Usually in math we talk about a statement being "independent", which means that it is compatible with the axioms for it to be true as well as false.
If p=np were indeed independent, we could make it an axiom. Then we could do a complete search for a polynomial algorithm for 3sat, and we would be guaranteed to succeed.
Since computing is somewhat a model of the physical world, something like this would surprise me. It seems like computing being modeled on the physical world, the model must contain the answer to the question. But who knows.
If P=NP is independent, then we already know that a complete search for a polynomial algorithm for 3SAT will fail (because if there were such an algorithm it would prove P=NP, so it wouldn't be independent). Adding P=NP as an axiom doesn't change this; instead it effectively augments the system with certain "nonstandard" natural numbers (which are larger than any concretely describable term but "look" like regular natural numbers from within the system), and this mythical polynomial algorithm for 3SAT will have nonstandard length (meaning for pratical purposes that it is infinitely long).
> If P=NP is independent, then we already know that a complete search for a polynomial algorithm for 3SAT will fail
A search for a provably polynomial algorithm will fail, but that doesn't mean that an unprovably polynomial time algorithm couldn't exist. We might come up with strong arguments for why a particular algorithm would be polynomial in practice. Still, I'd say "independent but false" is more likely than "independent but true."
p=np is a well-posed question, so clearly it must have an answer. We can't just make it an axiom.
However, the thought occurred to me that perhaps p=np could reduce to some undecidable problem (in the halting problem-sense). In that case, solving p=np would be impossible.
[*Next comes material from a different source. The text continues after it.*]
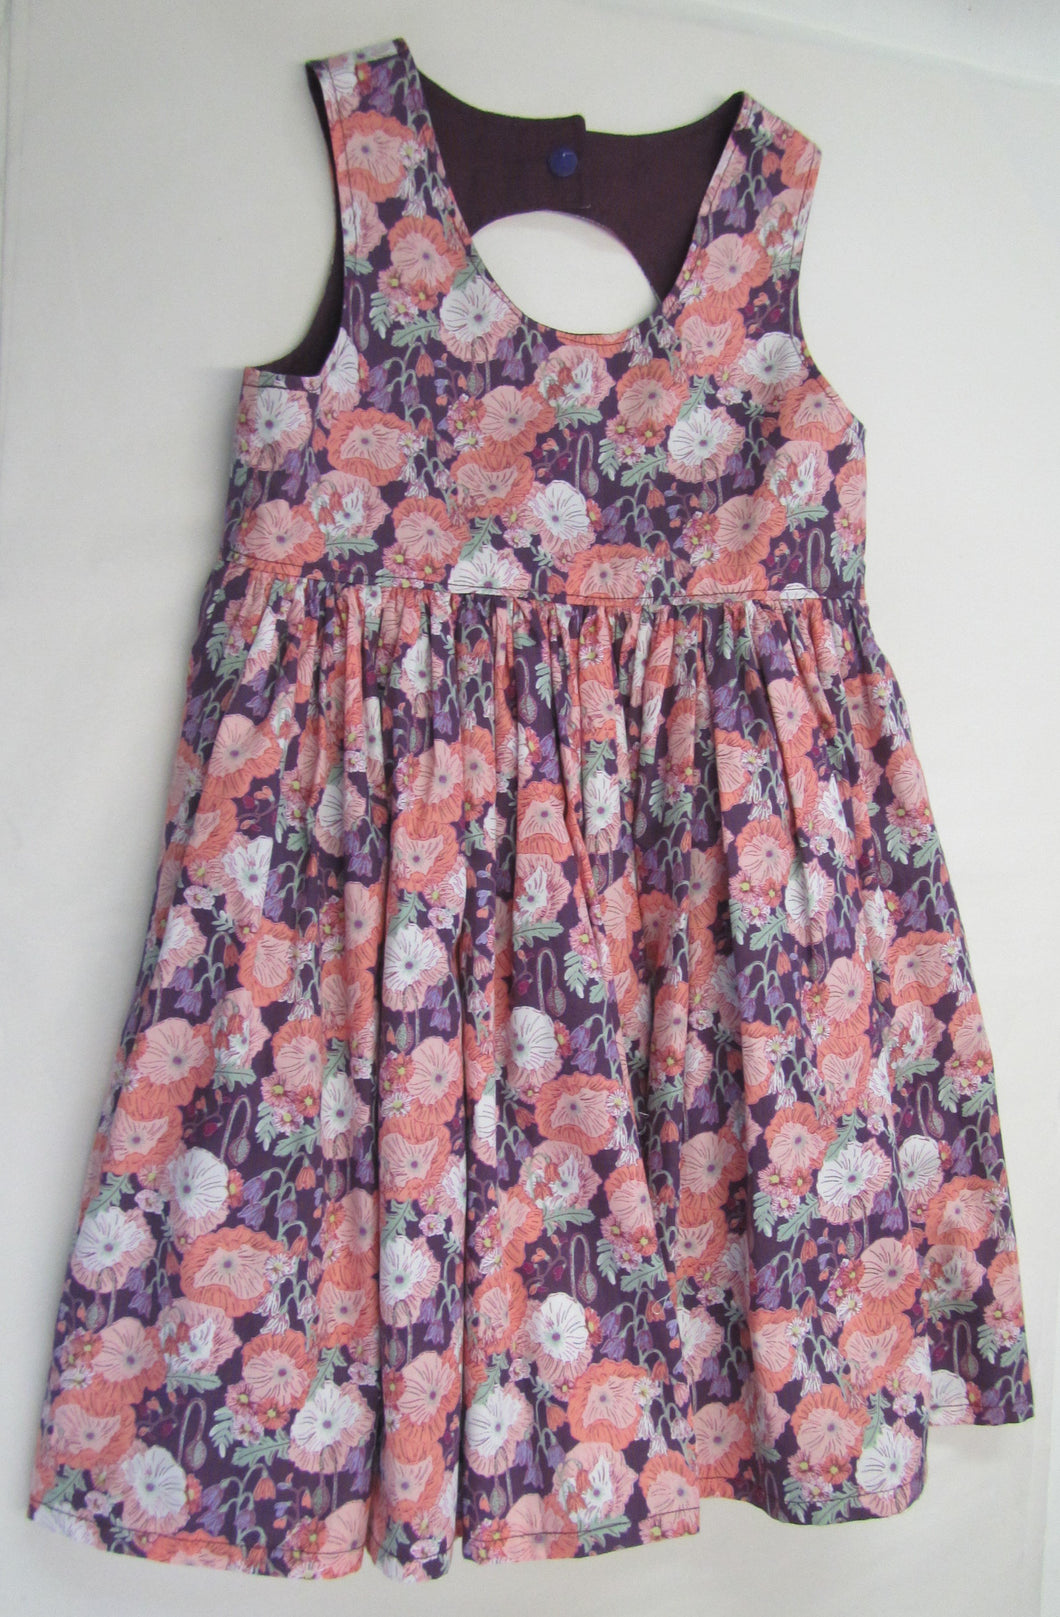 Hand crafted peach and purple floral dress fully lined 5 years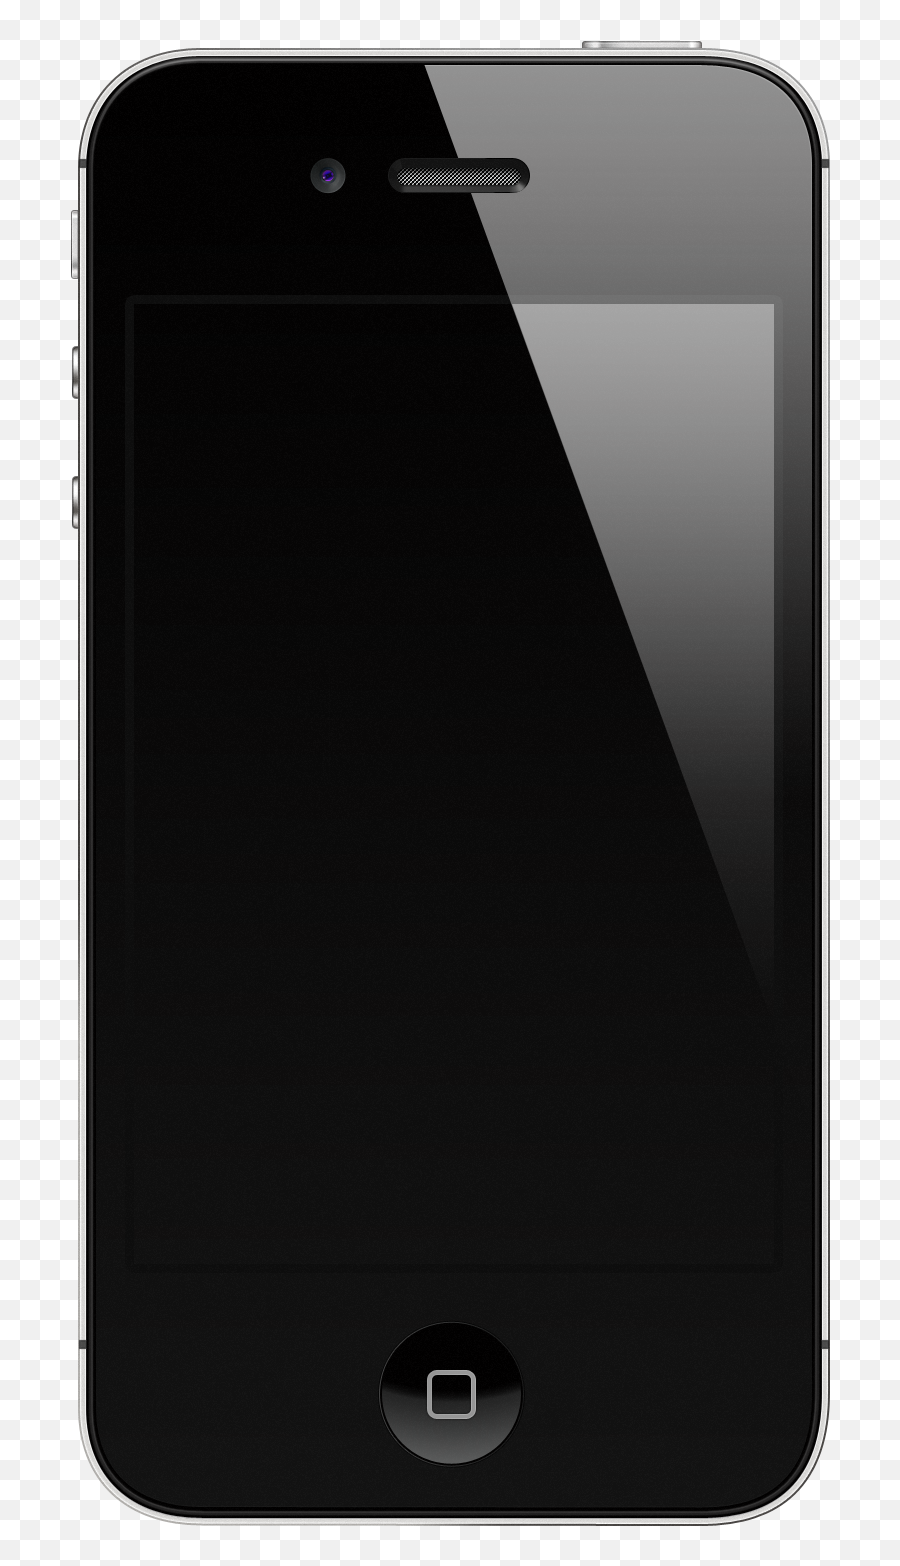 Blank Iphone Screen Transparent U0026 Png Clipart Free Download - Phones With A Black Screen,Iphone Clipart Png

But we could prove that it's impossible, and the issue would be resolved.
I'm not sure whether this scenario makes any sense. That's why I asked the question.
Just because a question is well-posed doesn't mean it must be provable or disprovable. Consistency of ZFC is also a perfectly well-posed question with a finite answer (if one exists), but we know it is impossible to prove regardless. I don't think we can exclude independence as an option for any currently open question without actually proving or disproving it. (Of course, most mathematicians don't really think that P=NP will turn out to be independent, any more than the Riemann hypothesis or Goldbach's conjecture, but we don't know for sure.)
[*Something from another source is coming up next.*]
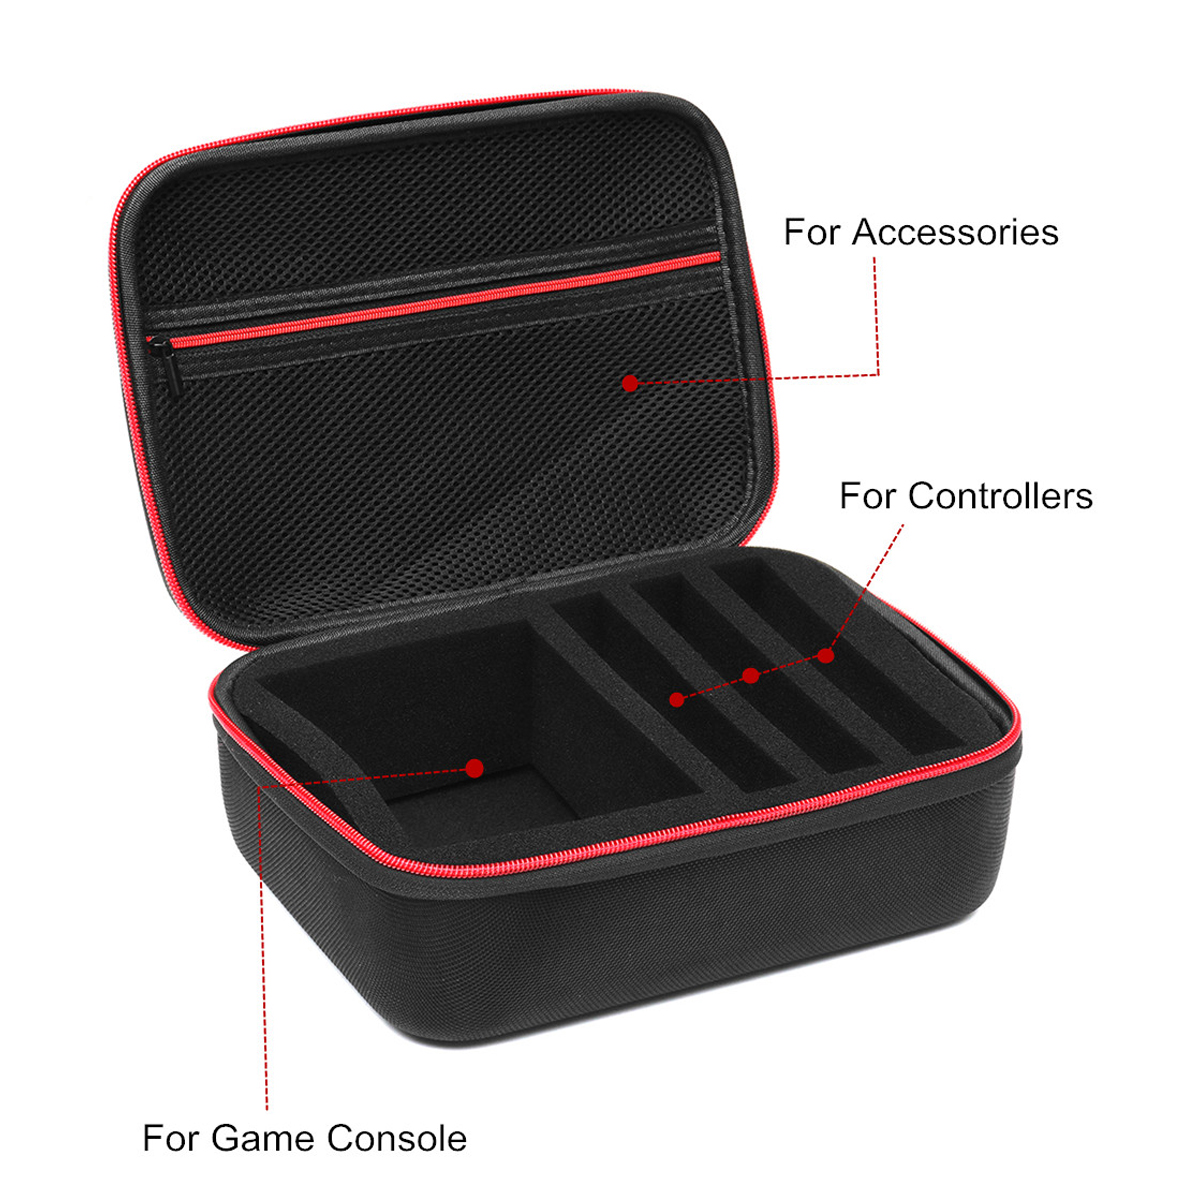 Portable Travel Storage Box Carry Case Bag For Nintendo Switch MINI SFC Game Console 18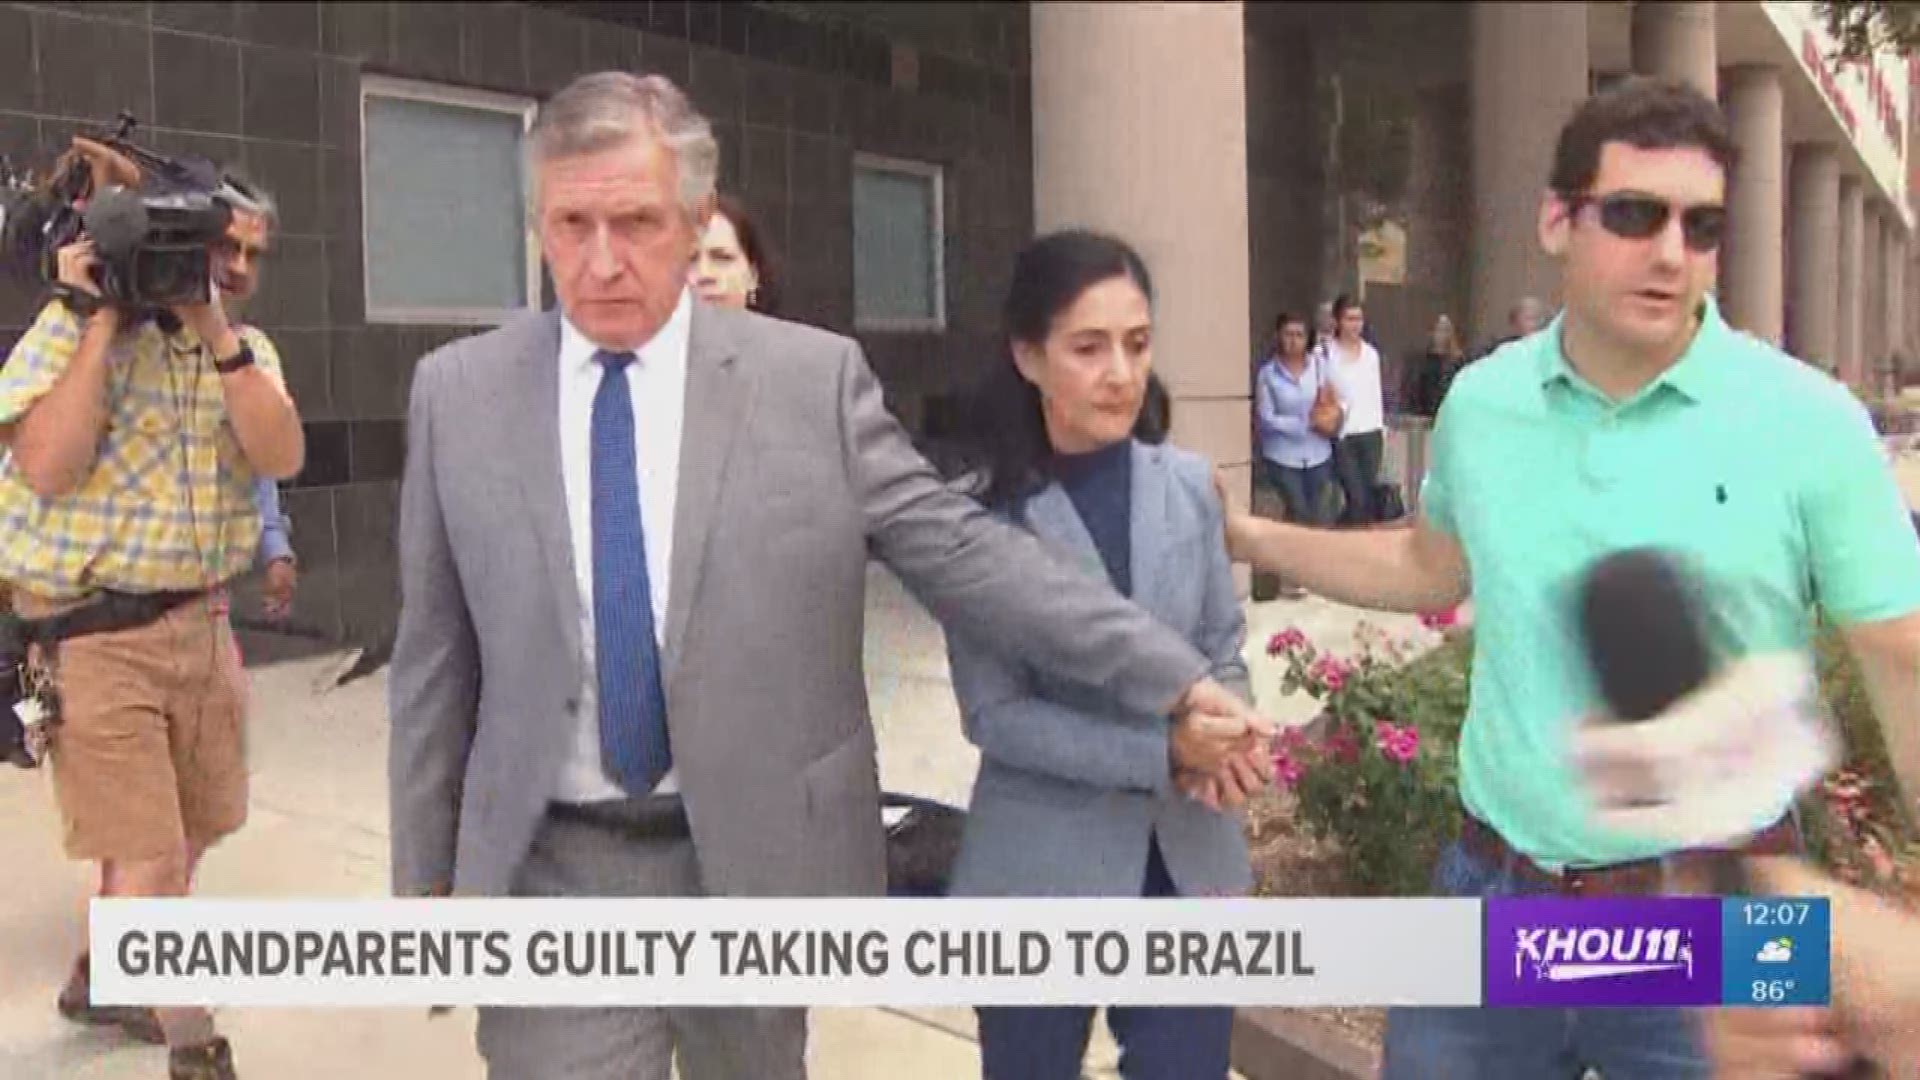 The couple accused in the international kidnapping case involving their grandson was found guilty Friday morning in a Houston courtroom. Jurors found Carlos and Jemima Guimaraes guilty of kidnapping but not guilty of conspiracy. Prosecutors said the coupl

I'm trying to wrap my head around how P=NP could not have an answer, and I am not having much success. It could be that I am not educated enough to understand.
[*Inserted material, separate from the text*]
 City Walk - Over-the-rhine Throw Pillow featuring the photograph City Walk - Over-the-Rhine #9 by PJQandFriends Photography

Notwithstanding that, I don't see how any of this relates to my original question.
You're misunderstanding something. P=NP is about whether two sets are equal. If it's "undecidable" or "independent", then ZFC is consistent with either P=NP or P \neq NP.
Independent doesn't sound like the same thing as undecidable.
Given a program P, it is undecidable whether that program will halt. There is an answer: P either halts or it doesn't. There is just no way to find out (in general).
Yes, 'undecidable' is used for a similar class of mathematical problems. For example, the continuum hypothesis - another question about an equality of sets - is undecidable in ZFC. This notion is strongly related to undecidability on Turing machines (possibly equivalent, depending on how you look at it).
They are intimately related. If you look at how Gödel's incompleteness theorem is stated, the existence of "effective procedures" (I.e. Computable functions) figures in intimately.
Scott Aaronson is probably one of the best at explaining theoretical computer science, if you're interested in these topics you should follow his blog.